# [SOLVED] Kernel-2.6.14-r2 i problem z neostrada

## red79

Skompilowałem wczoraj nową wersję kernela (make oldconfig) i dziś rano próbowałem zainstalować sterowniki do mojej neostrady (mam Sagema 800) eagle-usb-2.3.2 . Niestesty w czasie wykonywania make'a dostałem komunikat o błędzie. Czy ktoś z was instalował już neostradę na tym nowym kernelu?Last edited by red79 on Tue Nov 15, 2005 4:43 pm; edited 1 time in total

----------

## martin.k

Jedna zasadnicza rada co do modemów dostarczanych przez TejPsę: wyrzucić na śmieci!
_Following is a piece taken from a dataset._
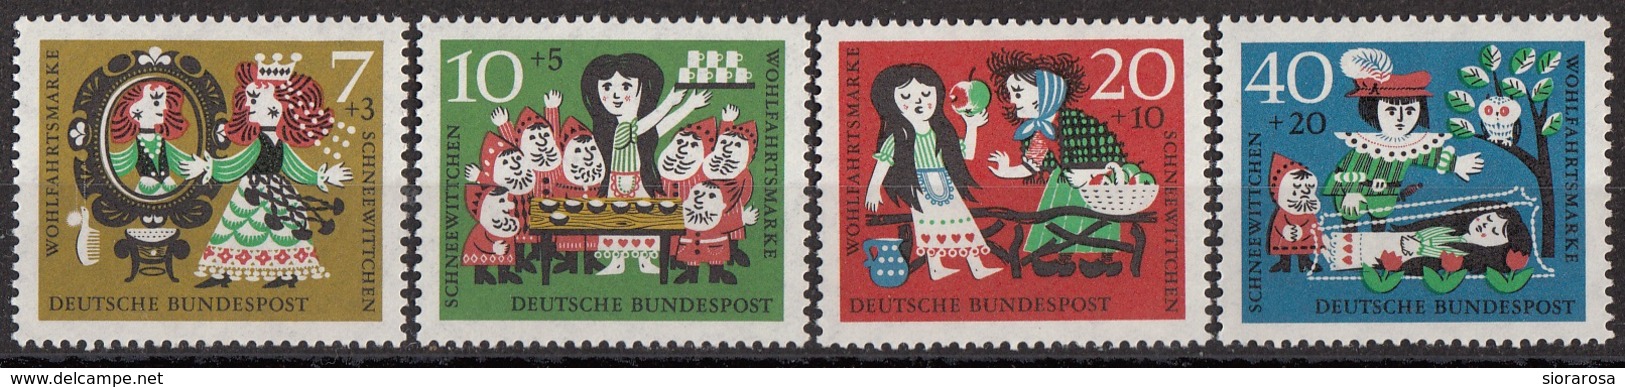 Germania 1962 Sc. B384/B387 Fairy Tale Favole Grimm Biancaneve Sette Nani - Full Set MNH Snow White Schneewittchen - Fiabe, Racconti Popolari & Leggende

Miałem srebrnego Speetoucha 300 i kupę problemów z tym badziewiem. W końcu jakoś

udało mi się go zmusić do działania ale cała procedura startu tego badziewia mnie denerwowała.

Poszedłem po rozum do głowy i za uzbierane grosiwo kupiłem sobie 4-portowego Linksysa z modemem ADSL (dokładnie 271 PLN w sklepie na www.linux.pl).

Teraz ograniczam się do naciśnięcia power on! Linksys zestawia mi łącze i już.

P.S.

A za zamieszczanie walniętych sterowników na płytach TejPsa powinna dostać w [cenzura]

----------

## macabre13

Jakiego błęda?

----------

## red79

Podczas wykonywania make wyskakuje coś takiego:

 *Quote:*   

> make -C driver
> 
> make[1]: Entering directory `/home/sebastian/eagle-usb-2.3.2/driver'
> 
> USE_CMVS=1 make  -C /usr/src/linux SUBDIRS=/home/sebastian/eagle-usb-2.3.2/driver modules
> ...

 

Czyżbym czegoś nie dodał w nowym kernelu? Faktem jest że wszystkie nowe opcje jaki mi wyskoczyły w czasie make oldconfig dałem na Nie.

----------

## macabre13

1. poka make.conf

2. wywaliles wczesniejsza wersje, czepia sie czesto ze trzeba "make uninstall"

----------

## red79

Tak odinstalowałem i dałem nawet make clean.

A co do make.conf

 *Quote:*   

> CFLAGS="-O2 -march=i686 -pipe"
> 
> CHOST="i686-pc-linux-gnu"
> 
> CXXFLAGS="-O2 -march=i686 -pipe"
> ...

 

Nie rozumiem co to może mieć do rzeczy.

------------------------------------------------

Dopisane:

Sterowniki zawsze biorą z tarbala eagle-usb-2.3.2 nie kompiluję przez emerge.

----------

## macabre13

Malem takiego buga jak dodawalem do use dziwne flagi, pomijanie rtti i exceptions, wiec chodzilo o lookniecie na twoje make.conf.

Pobowales moze instalowac wczesniejsze eagle-usb?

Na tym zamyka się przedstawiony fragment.